Can you help me with this exercises? please. ;D!

I'm not 100% sure but I thought there's some rule that

$$ln(x^k)\overset{for x>0,k>0}{=}k*ln(x)$$

I think that for x<0 it's simply not true

1) ln (4-x) + ln(2) = 2 ln(x)

$$\begin{array}{rll} ln(2(4-x))&=&ln(x^2)\\\\ 8-2x&=&x^2\\\\ x^2+2x-8&=&0\\\\ (x+4)(x-2)&=&0\\\\ x=-4\qquad &or& \qquad x=2 \end{array}$$

now I am confused as well.

You cannot have  the ln of a negative number so I guess x=2

Now Paulina - you have to respond by hitting the post answer button.
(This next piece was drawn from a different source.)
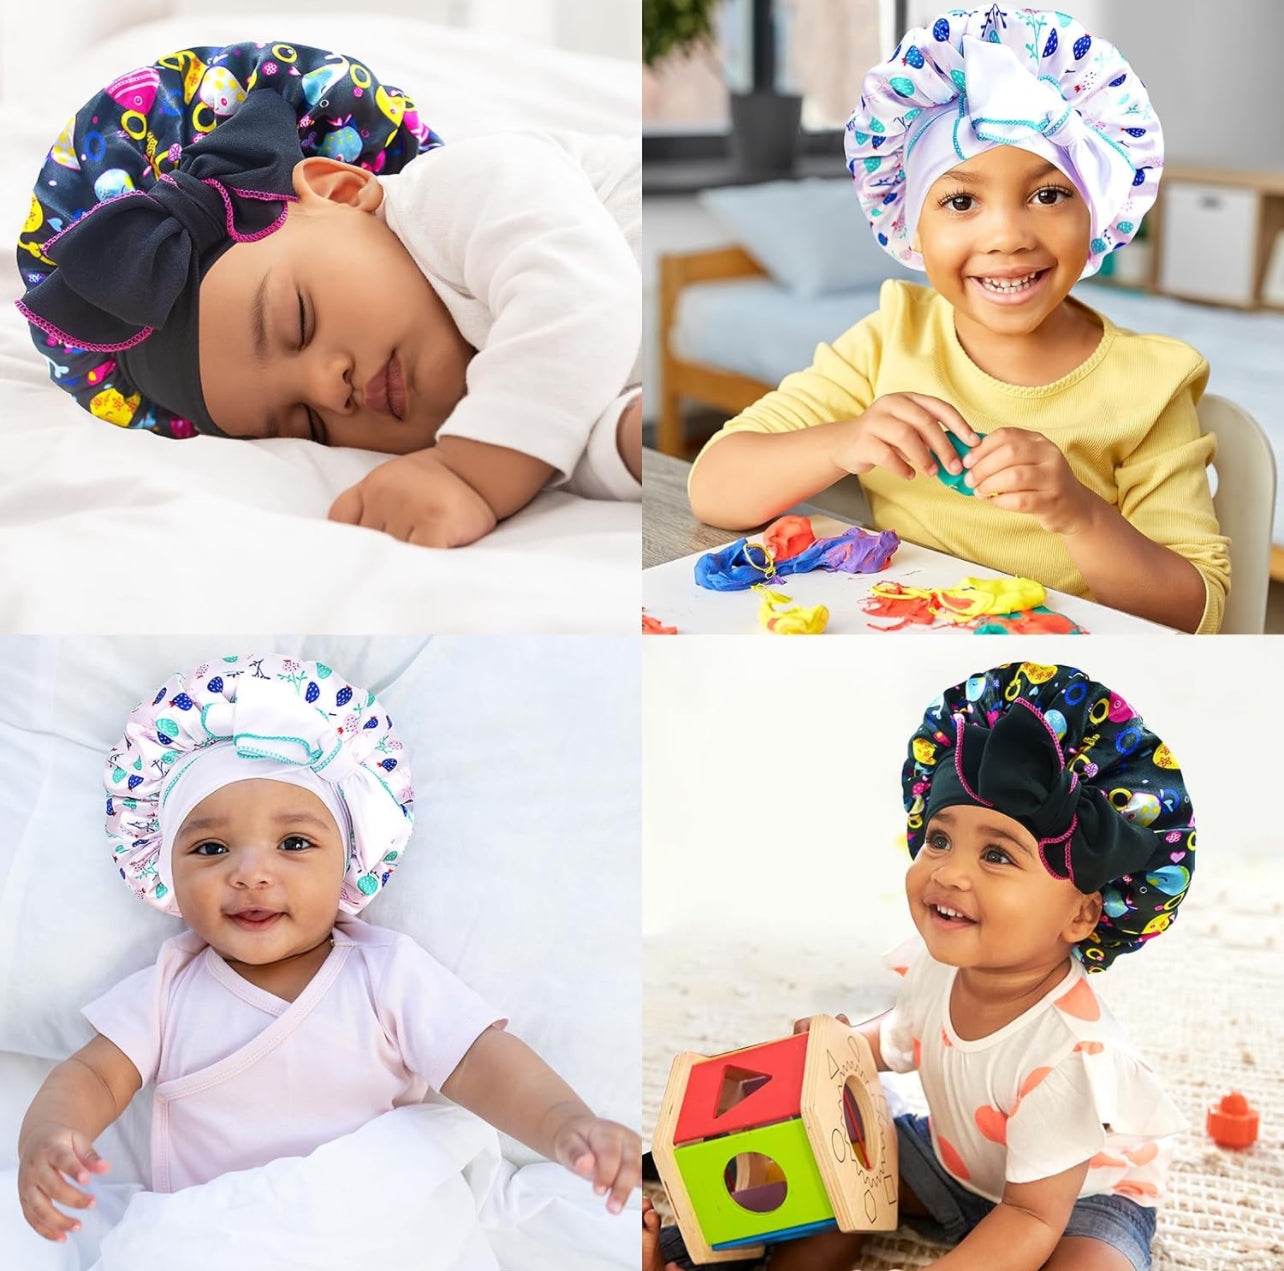 2pcs Pack Pattern Baby Bonnet Kids Bonnet Infant Satin Silk Hair Bonnets for Girls Boys Toddler Newborn Infants with tie Band Bow 0-36 Month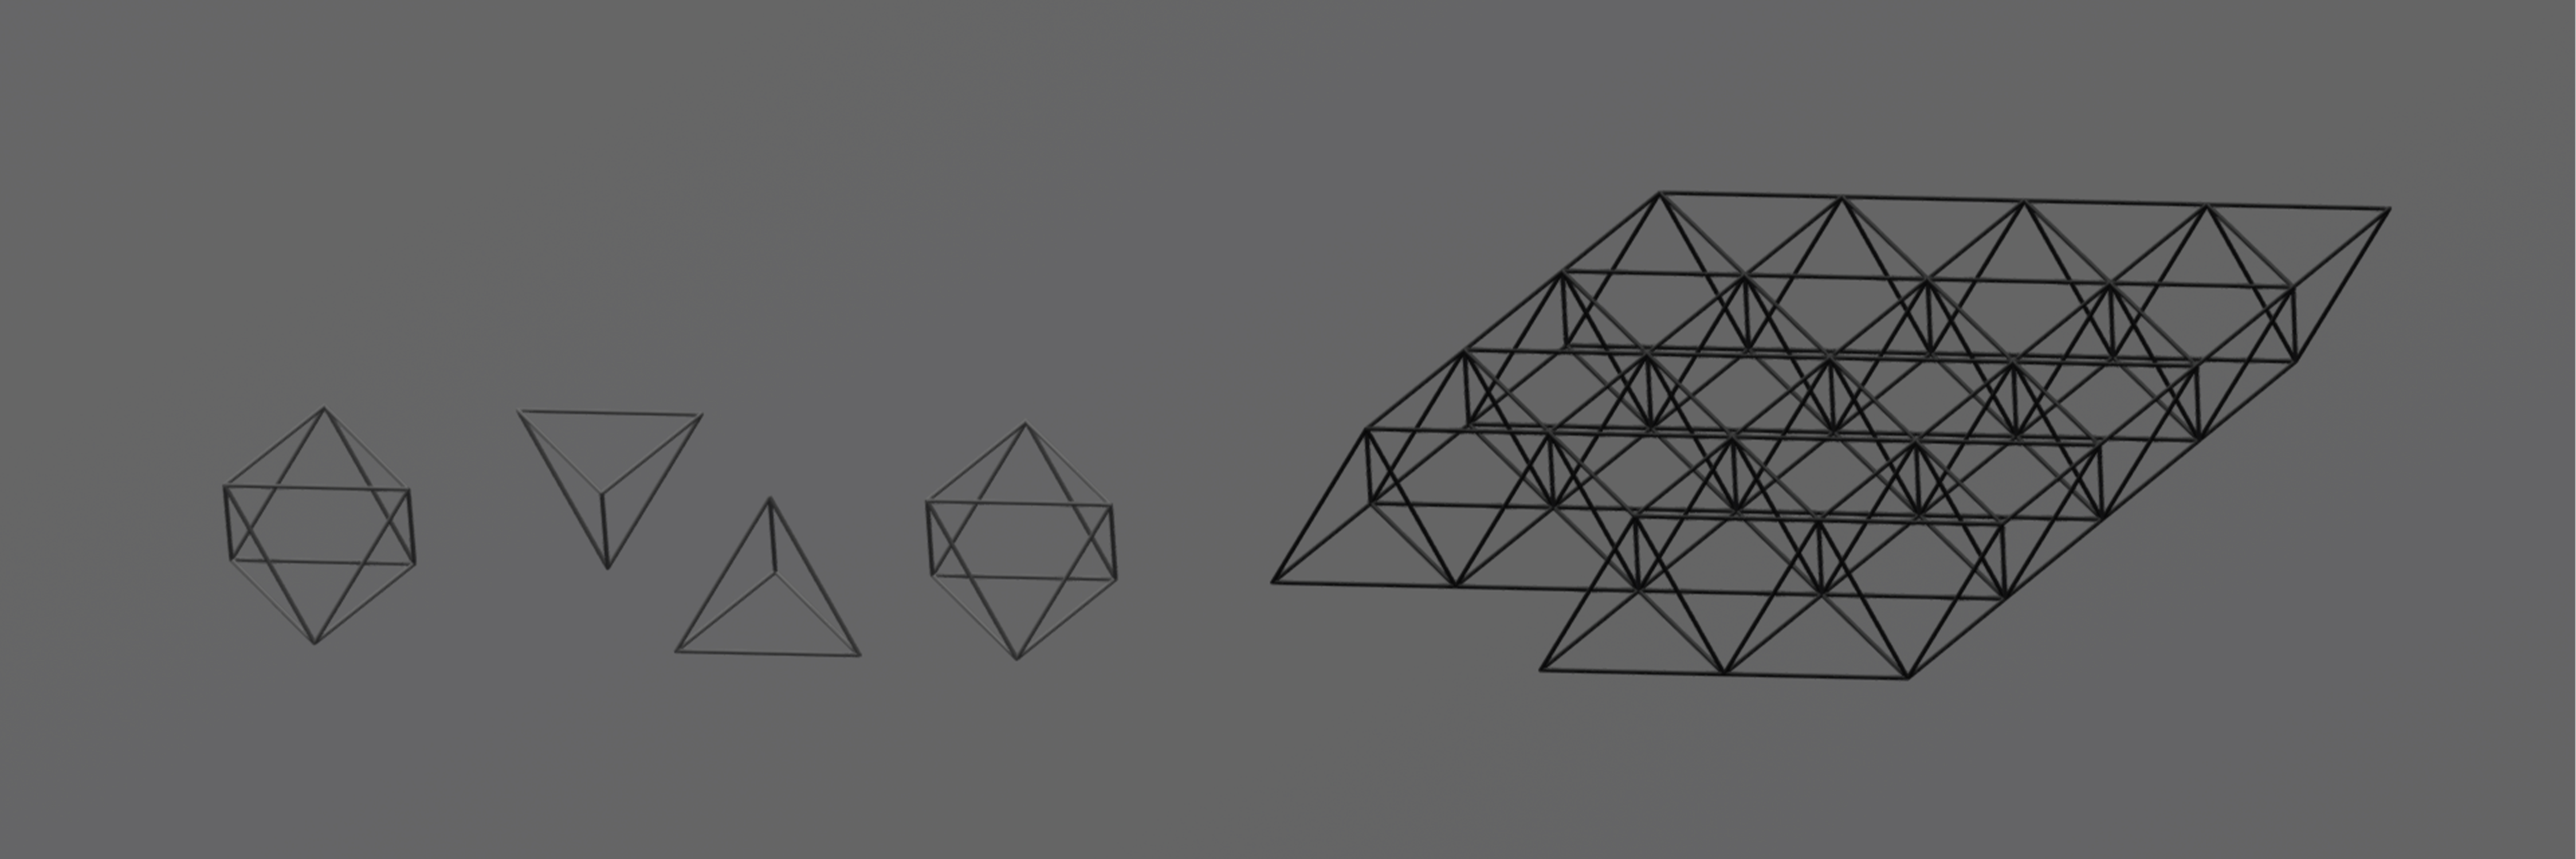 fig15_spatial_tessellation.jpg

Melody's first answer is correct....here's a graph of the solution....

As for the second question, we have........ log₅(2x-1) = 2.........in exponential form, we have

5² = 2x-1

25 = 2x -1     subtract 1 from both sides

26 = 2x         divide by 2

13 = x

And there you go......

This one was confusing me a bit.

ln (x)² = 2ln(x)

but with 2ln(x) x must be >0

and with ln (x)²  x is just in the set of reals.

How does that work???

That is interesting reinout.  I guess it has to be something like that.  Thankyou for commenting on this one.